Here are the ugly results:
The Pew Poll, conducted in early May, shows that more than 60 percent of Americans support the Arizona law's separate provisions, which give police increased authority to question and detain people they suspect of being in the country illegally.
... Pew Research Center President Andrew Kohut said he was surprised by how popular the elements of the law are.
"What's going on here is while the public has had moderate views on dealing with the immigration problem, like support for a path to citizenship, they've long thought that more has to be done to protect to borders and to get better enforcement," Kohut said.
Kohut said he was particularly surprised about the level of support among Democrats. Fifty percent of Democrats said they support the law provision allowing police to question anyone they think may be in the country illegally.
... A similar poll conducted by the Wall Street Journal and NBC tells a similar story: 64 percent of American adults support the Arizona law.
Bill O'Reilly, upon seeing these results, naturally brought on Karl Rove to chortle about how these polls bode ill for President Obama and Democrats. And no doubt these polls are a heads-up to Democrats that they need to aggressively take control of the message, instead of letting Fox talkers and nativists define the terms of the debate.
Of course, if Rove devises the talking point, you can count on Fox's "news" shows to begin repeating them ad infinitum. Which, of course, is exactly what happened the next morning, especially on Megyn Kelly's America Live program. Kelly ran several segments on the poll numbers, including a "fair and balanced" debate with radio host Mark Levine and the utterly incoherent Mike Gallagher:
I'm always amused by right-wingers like Gallagher -- guys who make a fetish out of the Constitution, regularly claiming that President Obama is somehow violating it and instituting a "police state" -- who seem utterly unconcerned when their side tramples all over the Constitution, and Levine clearly explains why the law is unconstitutional.
Levine also says something well worth repeating:
Kelly: Mark, why would the president get involved in this? You've got -- you know, you've already got legal challenges that will be mounted by many other groups -- why would the Department of Justice, according to our attorney general, Eric Holder as of May 9, be considering challenging this law on their own when you've got these kind of approval ratings of the law on a nationwide basis?
Levine: It's a fair point, Megyn. Anyone can challenge the law, it's clearly unconstitutional -- it violates Article I, Section 8 -- and you're right that anyone can challenge it. I think the president, though is making clear that anytime you have a majority attack the rights of minority, that's something where you want the Justice Department involved.
I'll give you a great example: Jim Crow laws in Alabama and Mississippi were vastly supported by the great majority of people in the 1960s. That didn't make them right. Anytime you have a majority infringing on the rights of a minority, then that's usually when the Justice Department does need to stand up.

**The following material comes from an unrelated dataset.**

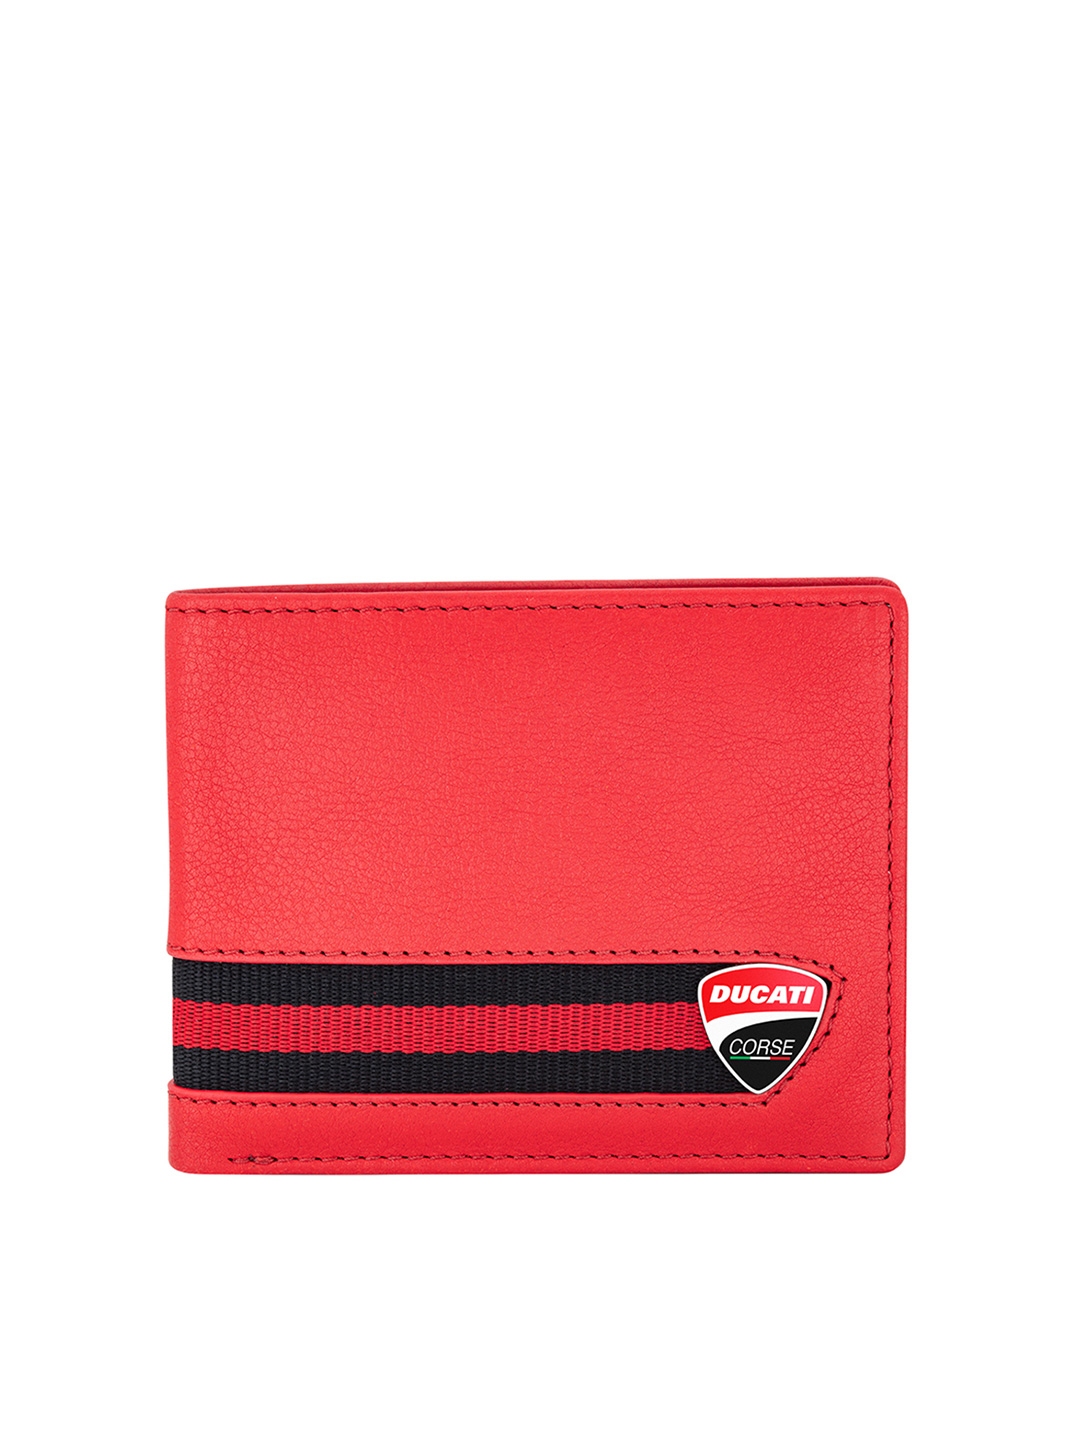 Buy DUCATI CORSE Men Red & Black Leather Two Fold Wallet - Wallets for ...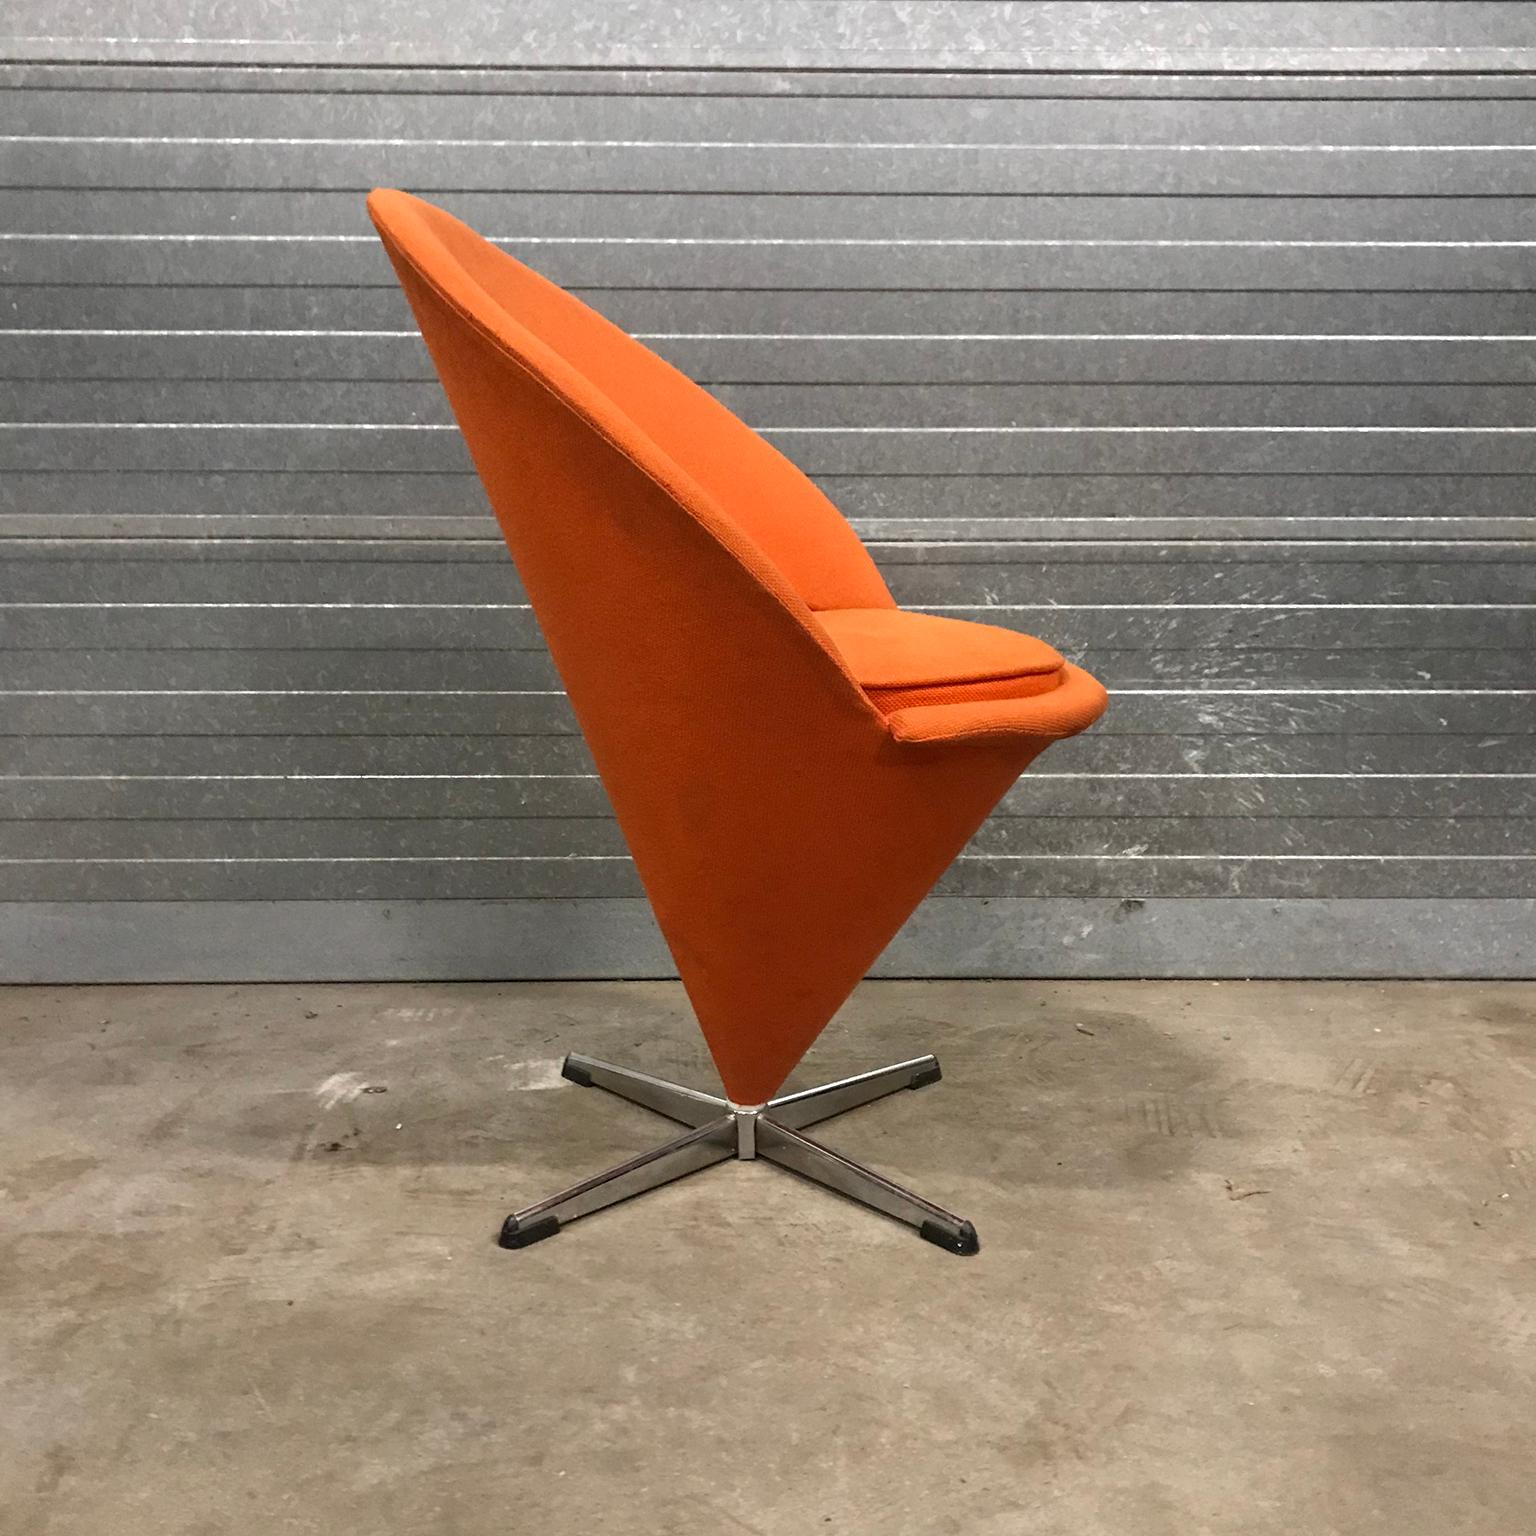 Beautiful orange cone chair. This Cone chair has a vibrant orange upholstery and has a cord stitched in some off the edges (pictures #1, #6 - #10). The chair shows some traces of wear like some damage of the fabric (#10- #12), some light white

And Levine also points out one of the really disturbing aspects of the poll:
Levine: Hold on, Mike -- 71 percent said -- this is the most interesting poll -- 71 percent of Americans think that legal Latino citizens will be harassed by police. 71 percent! So you have 71 percent of Americans thinking that Latinos, legals, will be harassed, and they still support the measure! [Note: Kelly shortly points out that the actual figure is 66 percent.]
Of course, at this point Gallagher becomes simply incoherent, and meanders off into claiming that the recent defeat of an incumbent Democrat in West Virginia was related to the Arizona immigration bill. Eh?
Well, it's true that laws like the one in Arizona that purport to deal with a "real problem" -- that is, drug-related crime -- by taking away the rights of a despised minority have in fact always been popular.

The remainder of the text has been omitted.